Simple, intelligent imputation analysis with PREFLIGHT validation and auto-metadata inference

These details have not been verified by PyPI

Project links

Project description

FunPuter v1.3.2 - Intelligent Imputation Analysis

Production-ready intelligent imputation analysis with industrial-strength test coverage and comprehensive validation.
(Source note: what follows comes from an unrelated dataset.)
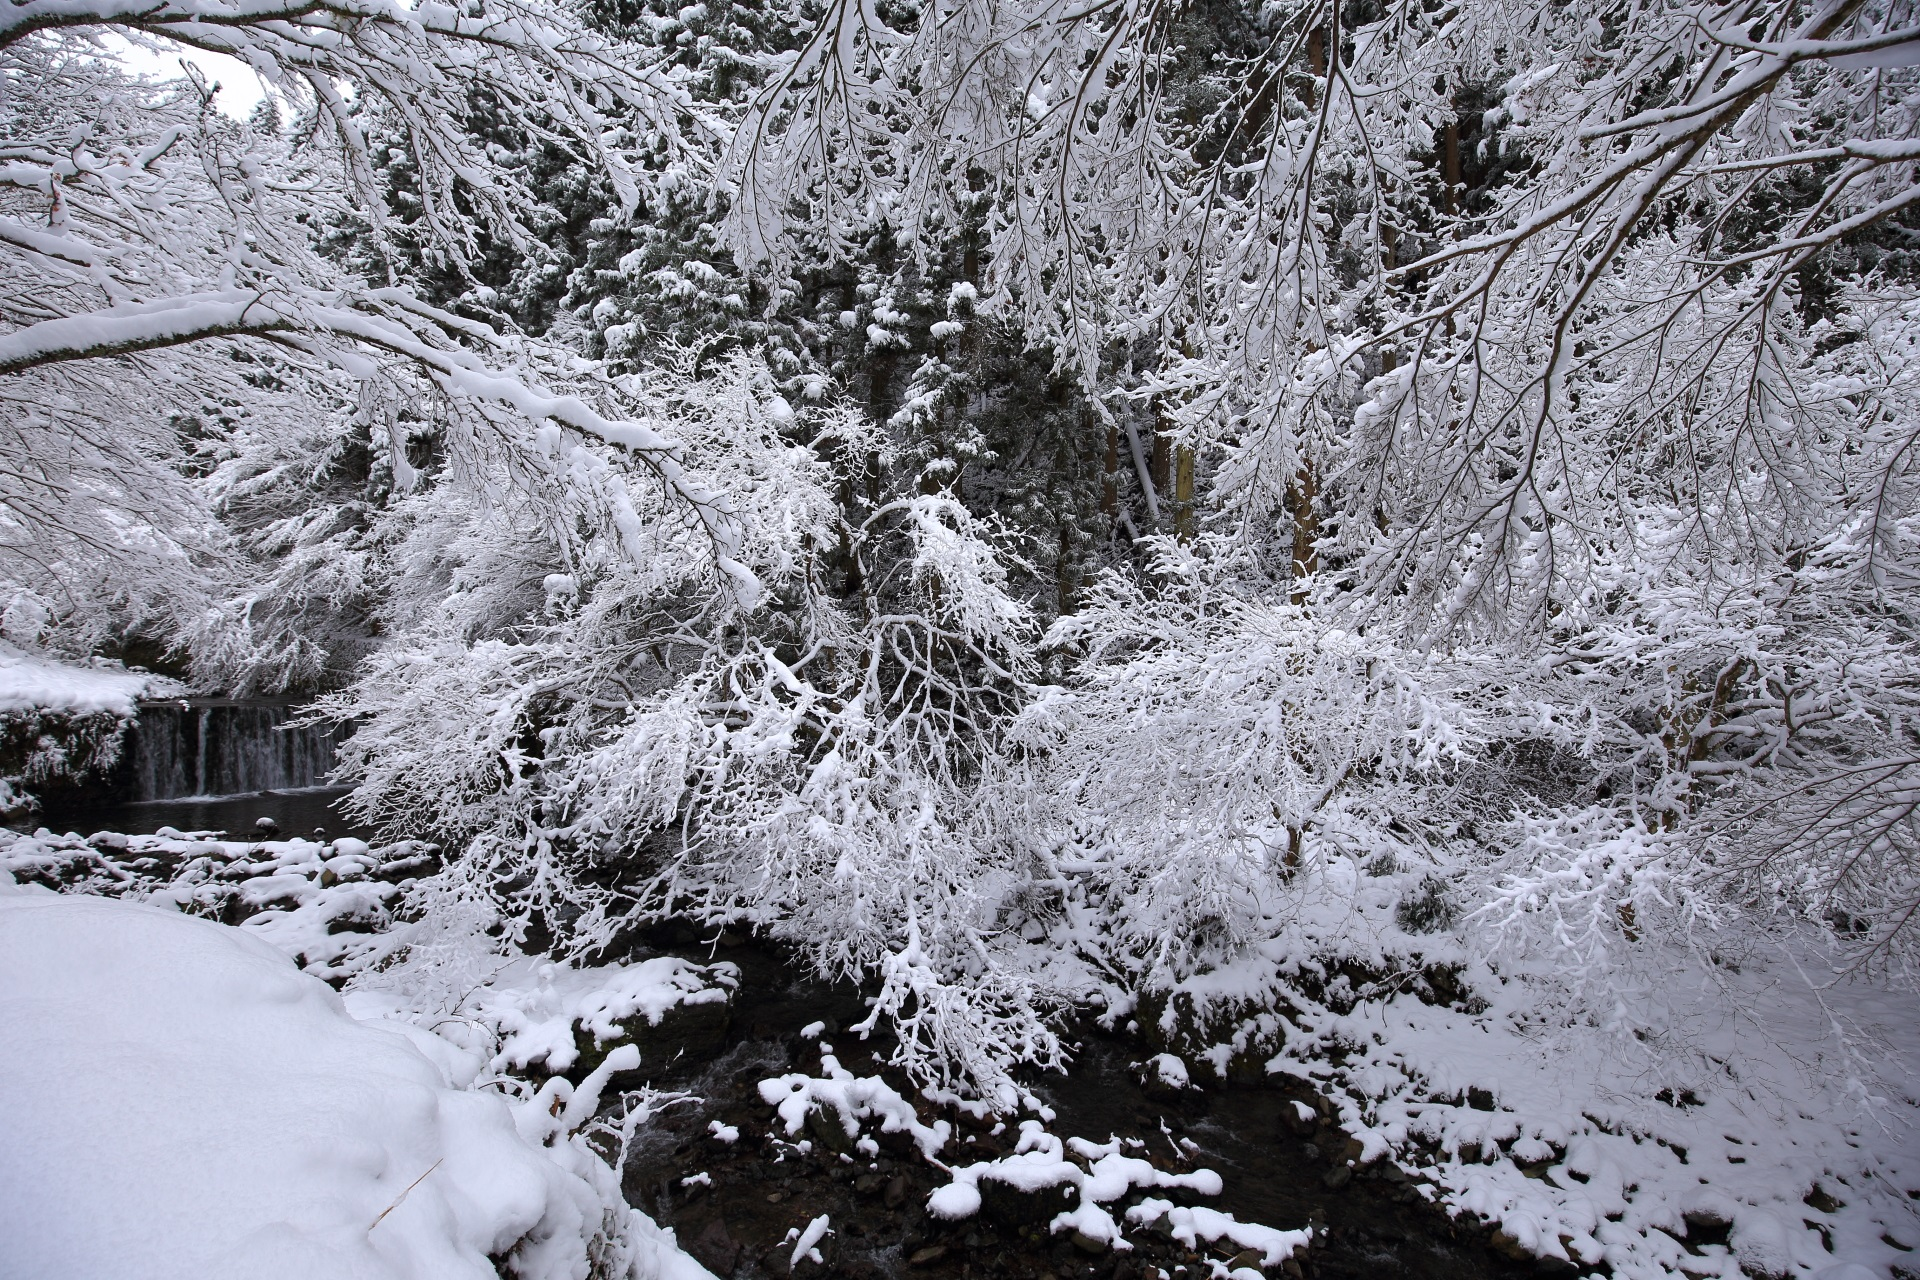 滝とともに降り注ぐ雪の華

FunPuter analyzes your data and suggests the best imputation methods based on:

🤖 Auto-metadata inference (10/12 fields detected automatically)
🔍 Missing data mechanisms (MCAR, MAR, MNAR detection)
📊 Data types and statistical properties
🏢 Business rules and column dependencies
⚡ Enhanced constraints (nullable, allowed_values, max_length validation)
🛡️ PREFLIGHT system (8 core validation checks A1-A8)
🎯 Adaptive thresholds based on your dataset characteristics

🚀 Quick Start

Installation

pip install funputer

30-Second Demo

🤖 Auto-Inference Mode (Zero Configuration!)

import funputer

# Just point to your CSV - FunPuter figures out everything automatically!
suggestions = funputer.analyze_imputation_requirements("your_data.csv")

# Get intelligent suggestions
for suggestion in suggestions:
    if suggestion.missing_count > 0:
        print(f"📊 {suggestion.column_name}: {suggestion.proposed_method}")
        print(f"   Confidence: {suggestion.confidence_score:.2f}")
        print(f"   Reason: {suggestion.rationale}")

📋 Production Mode (Full Control)

import funputer
from funputer.models import ColumnMetadata

# Define your data structure with constraints
metadata = [
    ColumnMetadata('customer_id', 'integer', unique_flag=True),
    ColumnMetadata('age', 'integer', min_value=18, max_value=100),
    ColumnMetadata('income', 'float', min_value=0),
    ColumnMetadata('category', 'categorical', allowed_values='A,B,C'),
]

# Get production-grade suggestions
suggestions = funputer.analyze_dataframe(your_dataframe, metadata)

🖥️ Command Line Interface

# Auto-inference - easiest way
funputer analyze -d your_data.csv

# Production analysis with metadata
funputer analyze -d your_data.csv -m metadata.csv --verbose

# Data quality check first
funputer preflight your_data.csv

🚨 IMPORTANT: v1.3.0 Breaking Change

🎯 Consistent Naming: Starting with v1.3.0, all imports and CLI commands use consistent funputer naming:

# ✅ NEW (v1.3.0+): Consistent naming
import funputer
funputer.analyze_imputation_requirements("data.csv")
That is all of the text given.